The Parrot crashes into things: It is because they are reacting to a fight or flight reaction, which is a natural reaction. The Parrot takes off in a straight line and since it has not built 'flight plans' of its new home, it is common that they will fly into things, like windows, mirrors, glass cabinets, etc... The goal is to help the Parrot create safe flight plans in the home with safe landing areas. This is commonly connected to what I call the "Real Estate Agents" tour of the home. A slow walking tour of the home that always starts from common places that the Parrot perches during the day, to and from the cage, or safe landing areas. We tour our home with our Amazon anytime something changes or at least twice each month. This tour is very important as during the early tours, I will slow walk into a wall, window, mirror, picture, glass cabinet, door and then tap it to show that the surface is hard! You will know when the Parrot gets it, because they will lean away and then look at you as if you are crazy.

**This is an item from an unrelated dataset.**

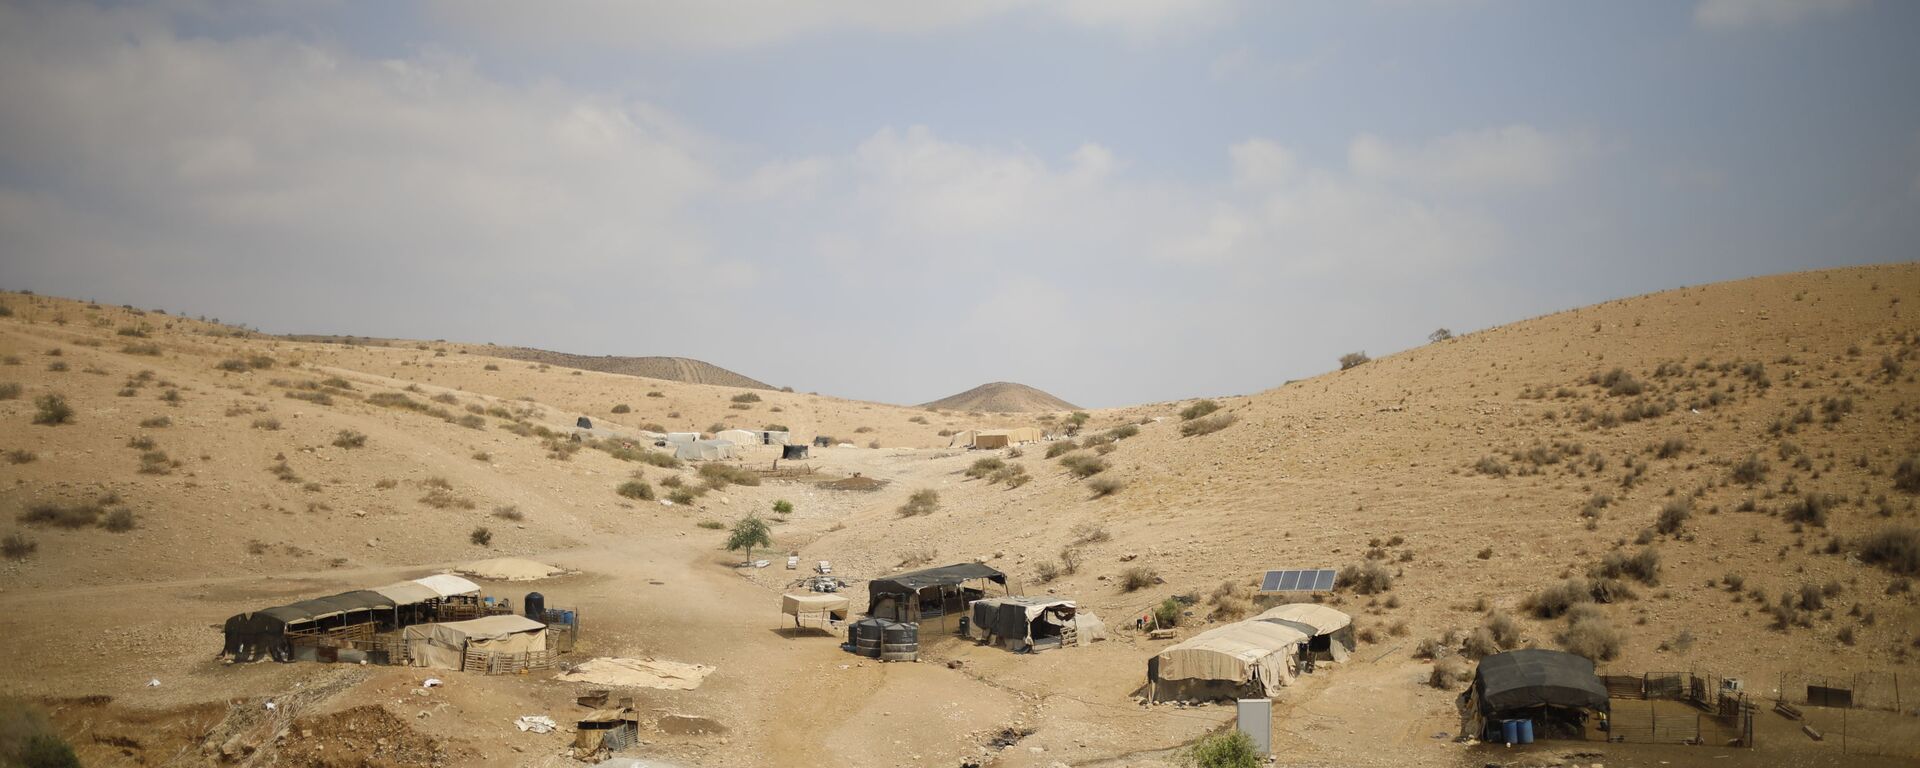 Palestinian Bedouin homes are seen in the Israeli-occupied West Bank, Wednesday, Sept. 11, 2019. Israeli Prime Minister Benjamin Netanyahu’s election eve vow to annex the Jordan Valley if he is re-elected has sparked an angry Arab rebuke and injected the Palestinians into a campaign that had almost entirely ignored them. (AP Photo/Ariel Schalit) - Sputnik International, 1920, 16.12.2019

The goal is in teach the Parrot safe flight pathways in the home. Understanding that the Parrot is in reaction mode and only pre-learned, practiced, routes will take over after the first few seconds. With nothing in place, the Parrot will fly until it hits something.

Fear of Starting Over! Far too many 'owners' have this fear of starting over from zero, day one if you will. The most important part of having a Parrot in one's home is the Bond Relationship! Building and maintaining a Bond Relationship is what everything else is built around. Nothing else is possible without the Parrot feeling safe around the 'owner'.

Hope that in addition to the remarks of the others, this also helps.